Later that same day, Montes and other Brown Berets helped students at Roosevelt High School break open a gate purposely locked by police. Montes said undercover police photographed the events at both schools, and that he was temporarily detained when he and a friend went to deliver flyers to another school.

Demands Denied, Leaders Arrested

Almost a week after the walkouts, on March 11, a committee of students, teachers, parents and community activists tried to meet with the Los Angeles Board of Education, to present their list of 39 demands. They ranged from instituting bilingual education and removing racist teachers to expanding libraries and incorporating a culturally inclusive menu at the school cafeterias.

The board held a meeting to discuss the demands on March 28 but concluded it didn’t have the funds to implement any changes.

On March 31, police arrested Castro and 12 other walkout leaders and charged them with disturbing the peace and other crimes. People protested the jailing of the so-called East L.A. 13, and they were released on bail on June 2. Castro lost his job at Lincoln but was reinstated after protesters held sit-ins at school board meetings.

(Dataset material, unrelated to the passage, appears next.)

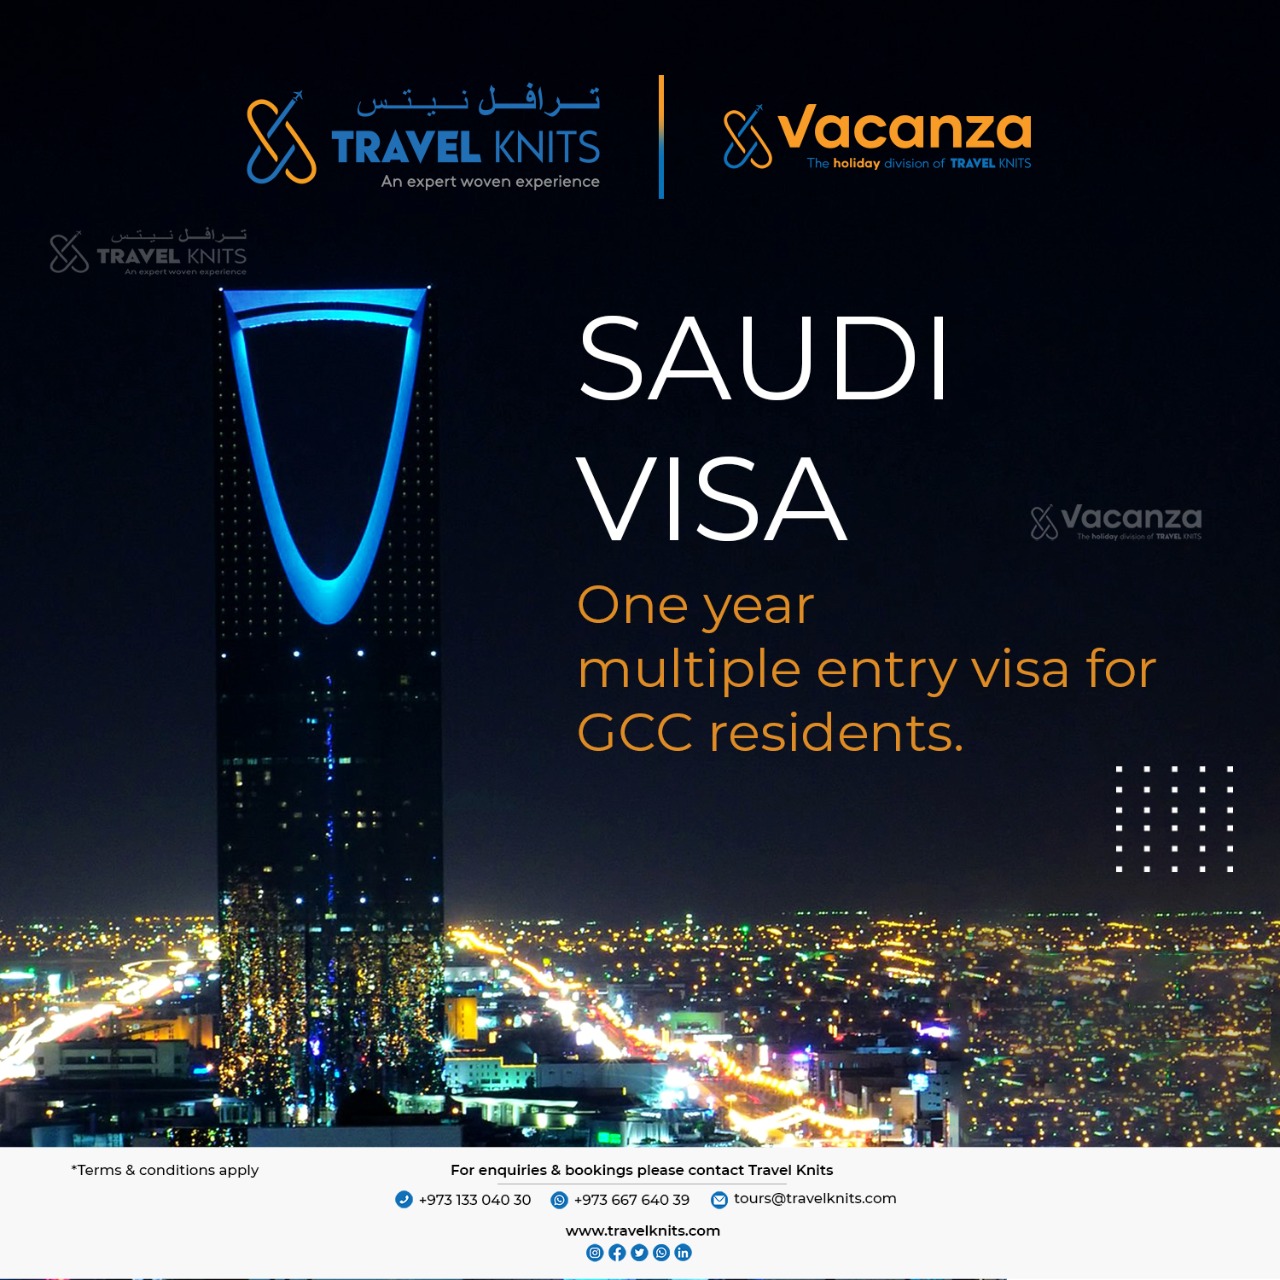 Saudi visaTour Packages - Book honeymoon ,family,adventure tour packages to Saudi visa|Travel Knits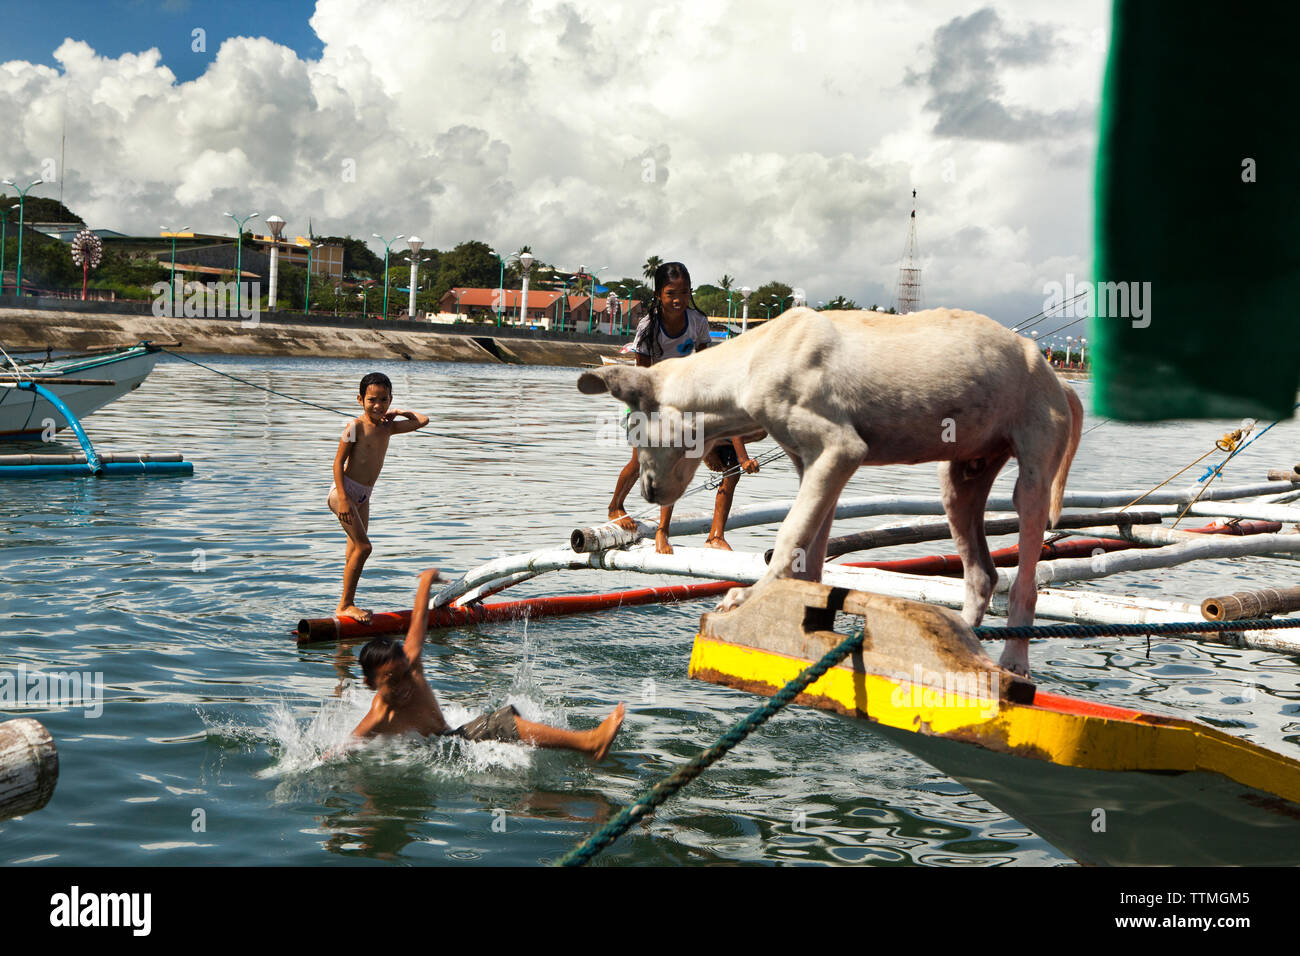 https://c8.alamy.com/comp/TTMGM5/philippines-palawan-puerto-princesa-kids-play-on-fishing-boats-in-the-city-port-area-TTMGM5.jpg

In 1970, all charges were dropped against the East L.A. 13.

The Walkouts’ Legacy for Chicano Civil Rights

Although the walkouts had no immediate effect in changing conditions for Chicanos in Los Angeles schools, historians and activists consider them a catalyst for the then-burgeoning Chicano civil rights movement.

“It put us on the map,” says Montes, now a community activist focused on police brutality. “It energized the community, radicalized a new generation of Chicano activists.”

“It taught us that the only way things can change is by protesting and taking up the system,” he adds.

Many walkout participants and youth organizers later took part in the Chicano Moratorium of August 29, 1970, an anti-Vietnam War march that became the largest protest in Los Angeles history to that date.

Considered pivotal moments in the Chicano movement, the walkouts and the Moratorium inspired a generation of artists, writers, activists and educators, many of whom are active today.

“Those students who walked out…really gave back,” affirms Talaveras-Bustillos. “Chicano and Chicana studies, Latinx studies… They became professors, they became activists in their own communities.”